How not to take landscape shots

Not so long ago, on Scott Kelby’s blog, the post showed up discussing one of his, not so interesting anyway travel shots. “This cannot be a good shot because” was supposed to be a satire on all photographic forums and such, much more oriented on gear then creativity. At least that’s I think what it was about. The truth be told, Scott Kelby by himself is rather opinionated person, not unlike many of those forums participants. And, after listening to just a few of his Blind Critiques on “The Grid”, you can easily come up with a short satire what else is wrong with this image.

Colorado National Monument sunrise

  • It was not shot in a location Ansel Adams himself would shoot. If it was, there is no indication of it in the shot, thus it was not. After all, other than Arches and Yosemite, landcape photography is permitted only in few chosen spots. You cannot practice that genre in Iowa or Pennsylvania.
  • While the road adds a bit of¬†interest, there is no real foreground. There should have been a rock placed on the road, possibly close to the photographer. Or a tree branch, at least. After all, if there was none, it should have been dragged from next/previous view point. Best- with wild flowers growing from it.
  • Although it was shot at right time of the day, within the golden hour, the colors are all wrong. The pink tones are missing, the image does not fit within current landscape esthetics.

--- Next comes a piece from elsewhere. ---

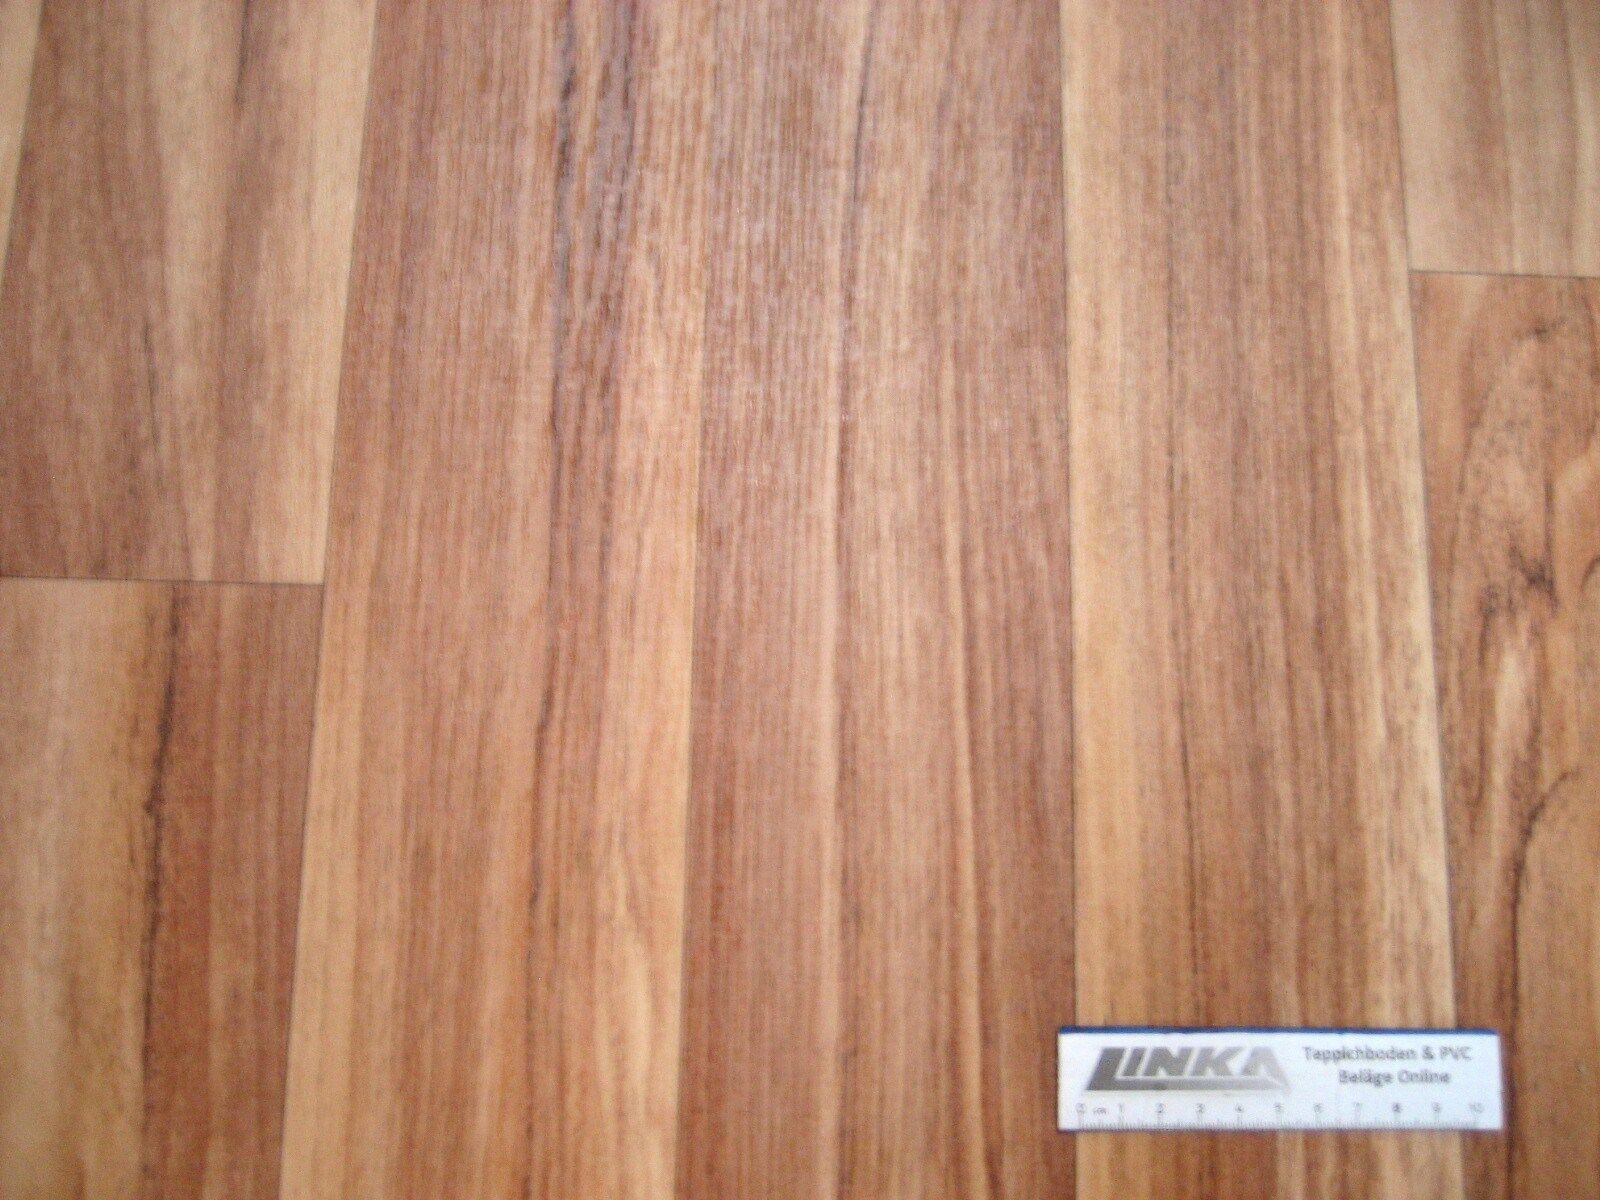 6343 PVC CV Belag Rest 540x99 Boden Bodenbelag Tropic robust günstig Walnuss
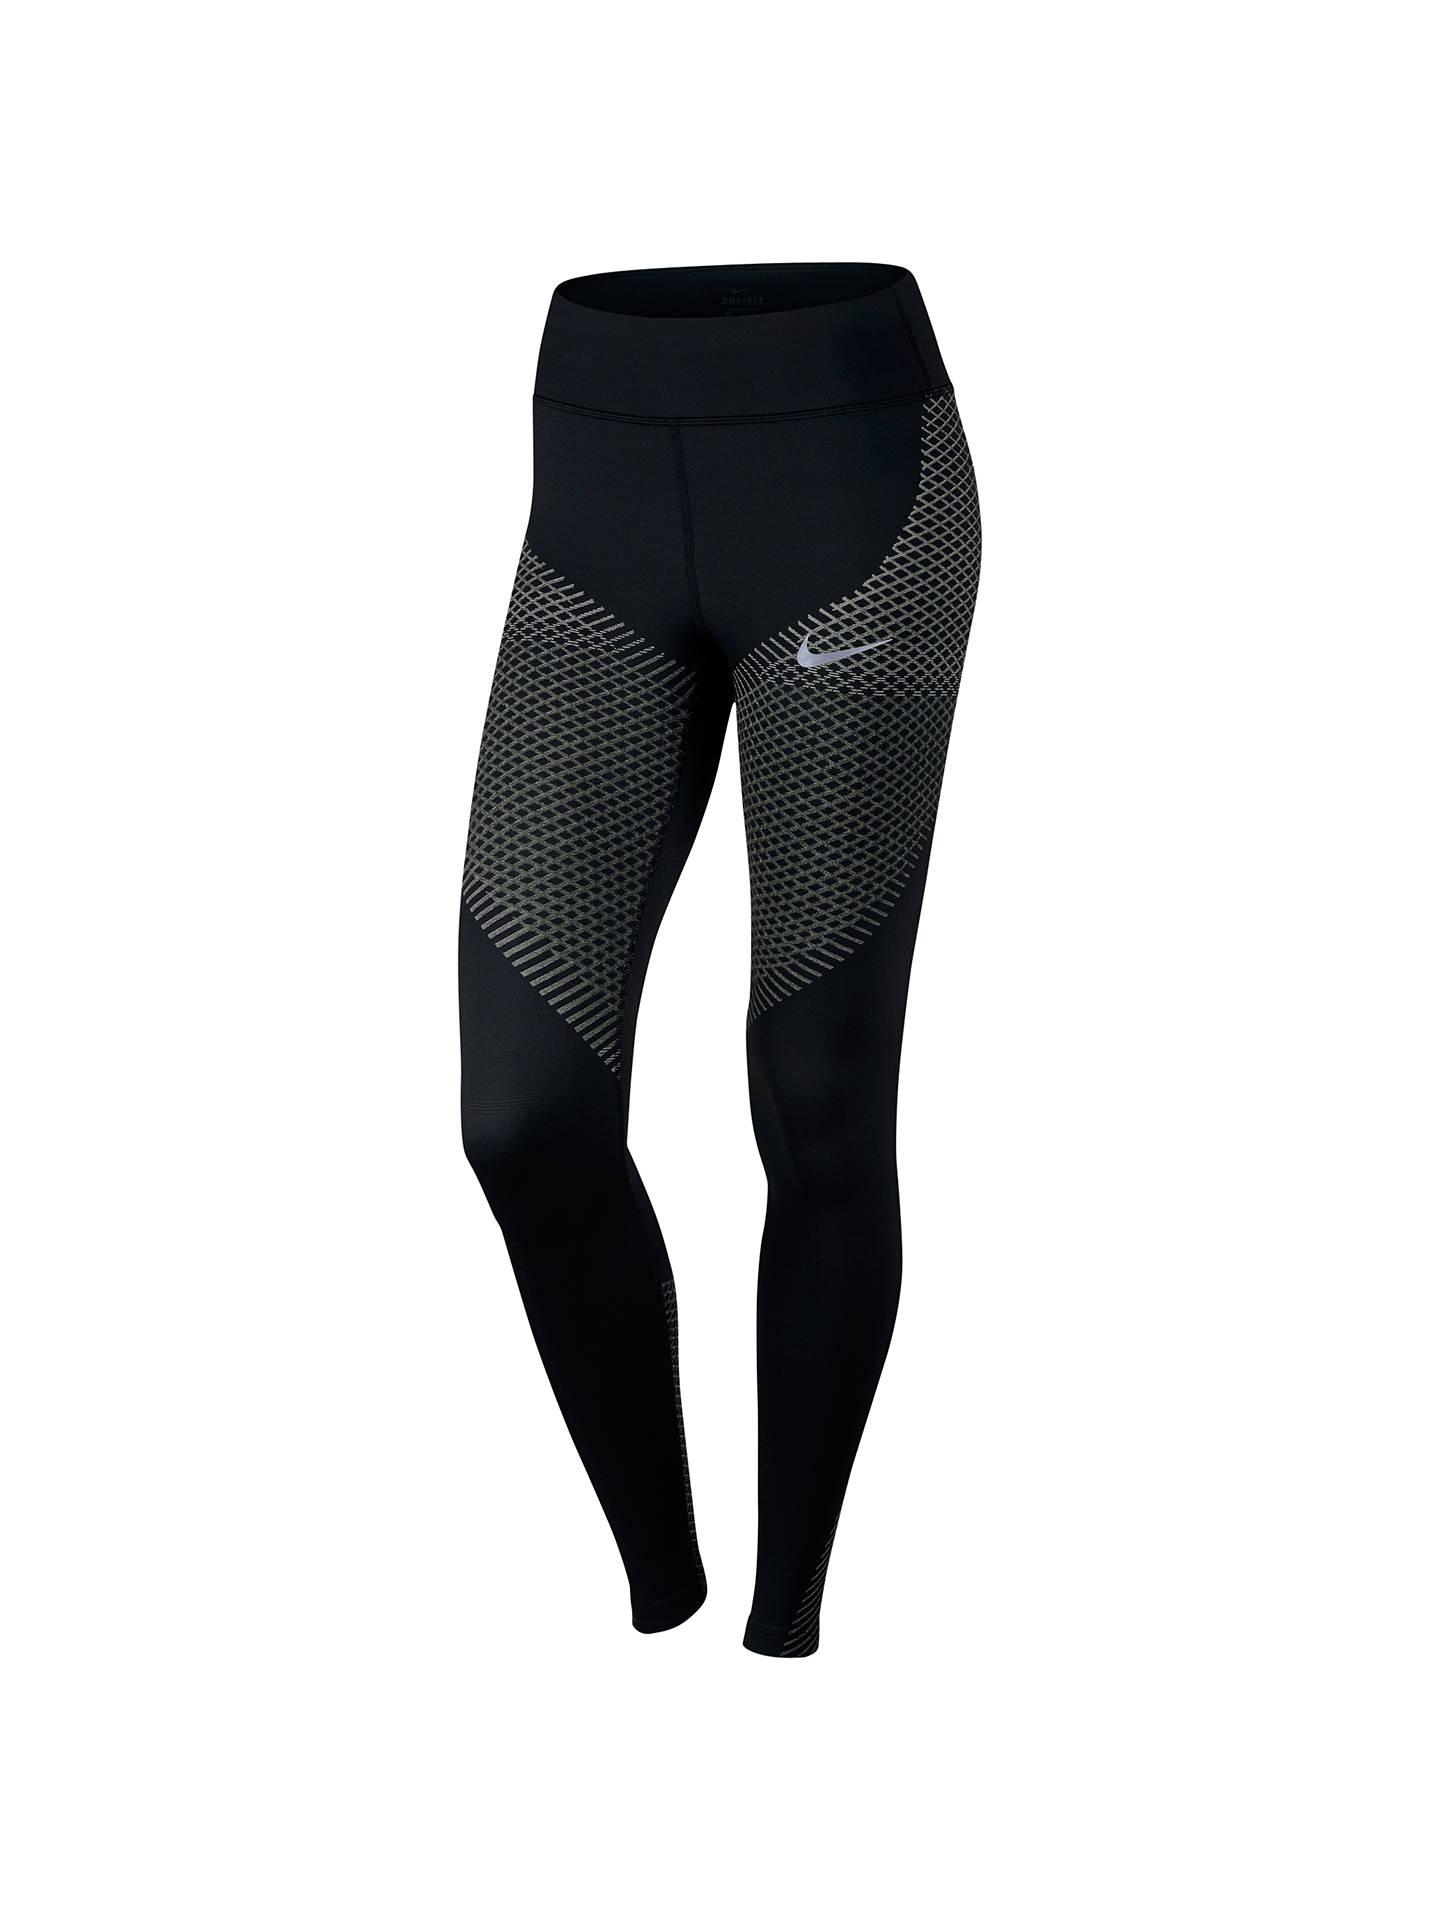 134c107180b935 Buy Nike Zonal Strength Print Running Tights, Black/Tumbled Grey, XS Online  at ...

And for illustration, one of mine landscape images. Taken in Colorado National Monument at sunset, features a tree, and us. I used a zoom lens on Nikon D300. Is it a good or bad shot?

Now, to you. Do you feel there is far too much rules and limitations against which your photos are critiqued, regardless of how good they really are? Any more examples of opinionated people who just affirm the status quo? Share your thoughts in comments!